Love From Manenberg
"Love From Manenberg" addresses the ways a community plagued by gang violence –– stemming from historical, geographical, cultural and governmental oppression –– looks to the future and manages the loves, losses and predictability of day-to-day living.
A suburb of Cape Town, South Africa, Manenberg was established in the Cape Flats, a vast low-lying sand dune, during the late 1960s by the apartheid government as an area for Coloured families. Marginalized by culture, history and geography, most of Manenberg’s estimated 70,000 residents live in overcrowded and problematic conditions. More than twenty years since the end of apartheid, Manenberg has not seen the fruits of democracy.

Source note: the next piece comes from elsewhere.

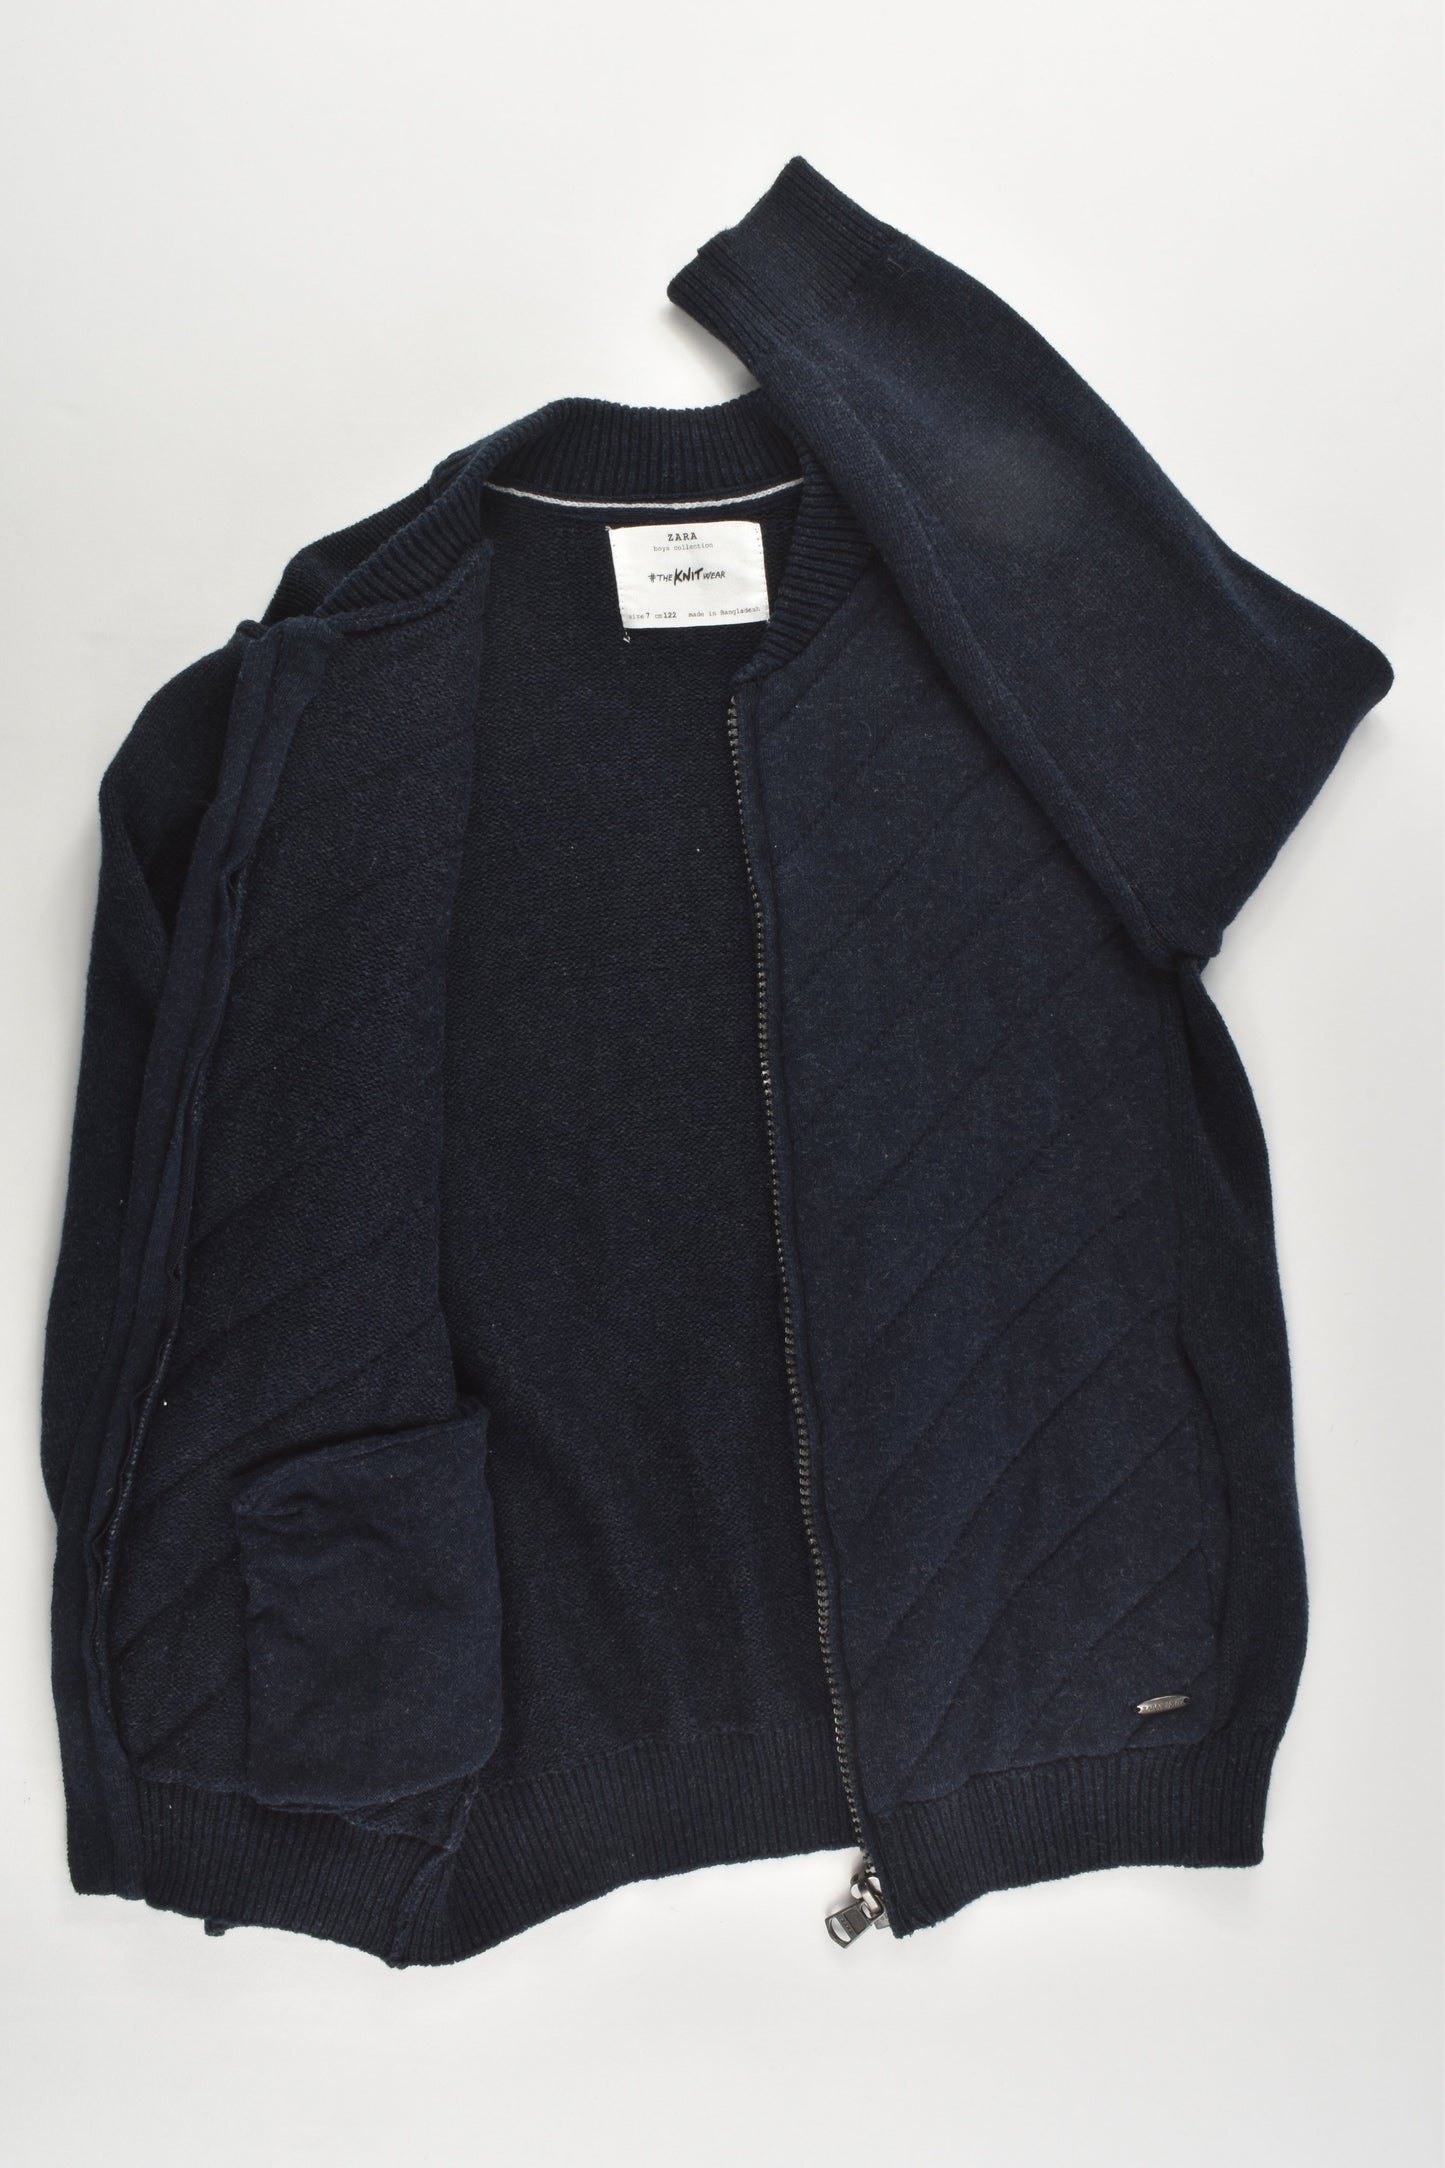 Zara Size 7 (122 cm) Navy Blue Knitted Jumper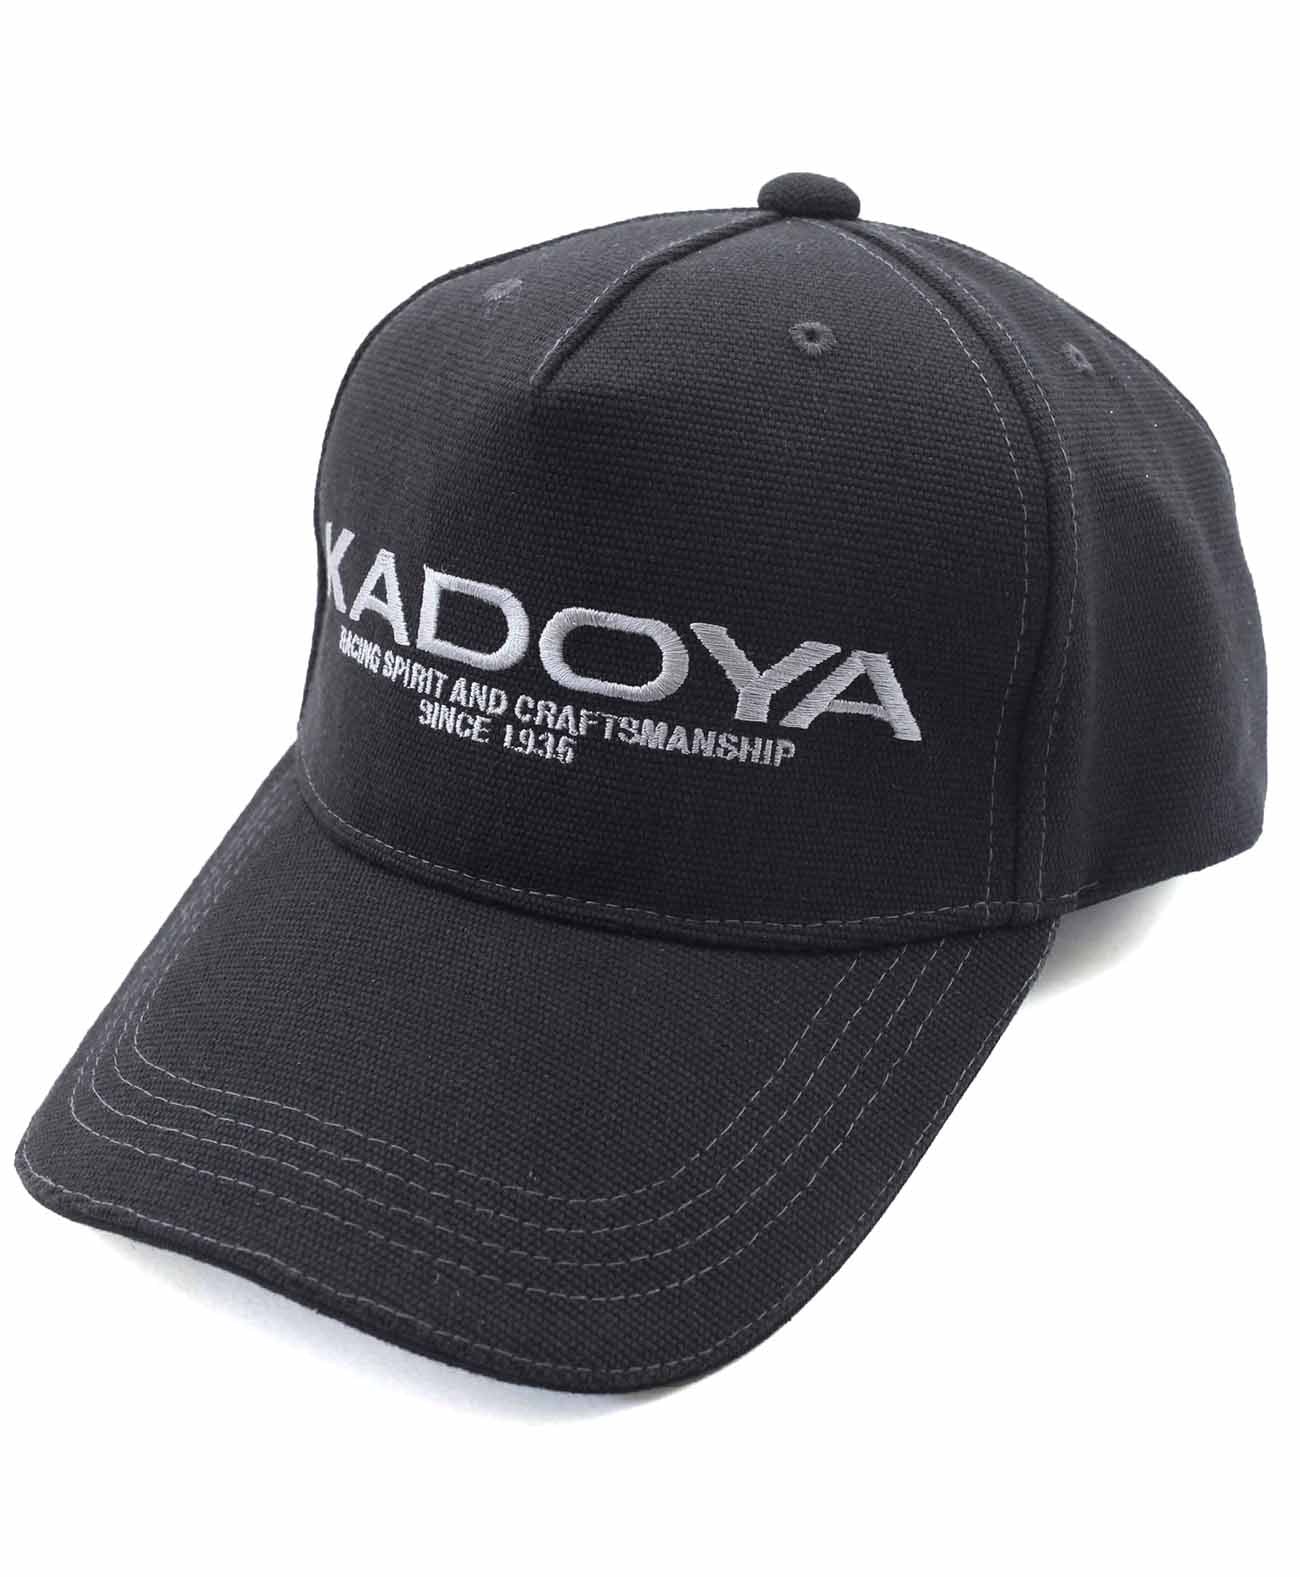 Kadoya Logo Cap / Schwarz / Grau

Long known as one of South Africa's most violent places, faith, fortitude and family help the people of Manenberg persevere and in many cases, prosper. Yet the community is singularly recognized in South African media for its social problems, which include unemployment, crime, substance abuse and above all, relentless gang violence.
I first photographed Manenberg in June 2011. Over the years, many individuals have opened their lives and shared their community with me with extraordinary candor, but I am particularly grateful to the Lottering, Pietersen, and Adams families. The title of this series, “Love From Manenberg,” is in part a reference to the love each of these families embodies. The title also aptly describes the relationships I have formed with those pictured here, and others, while working in Manenberg.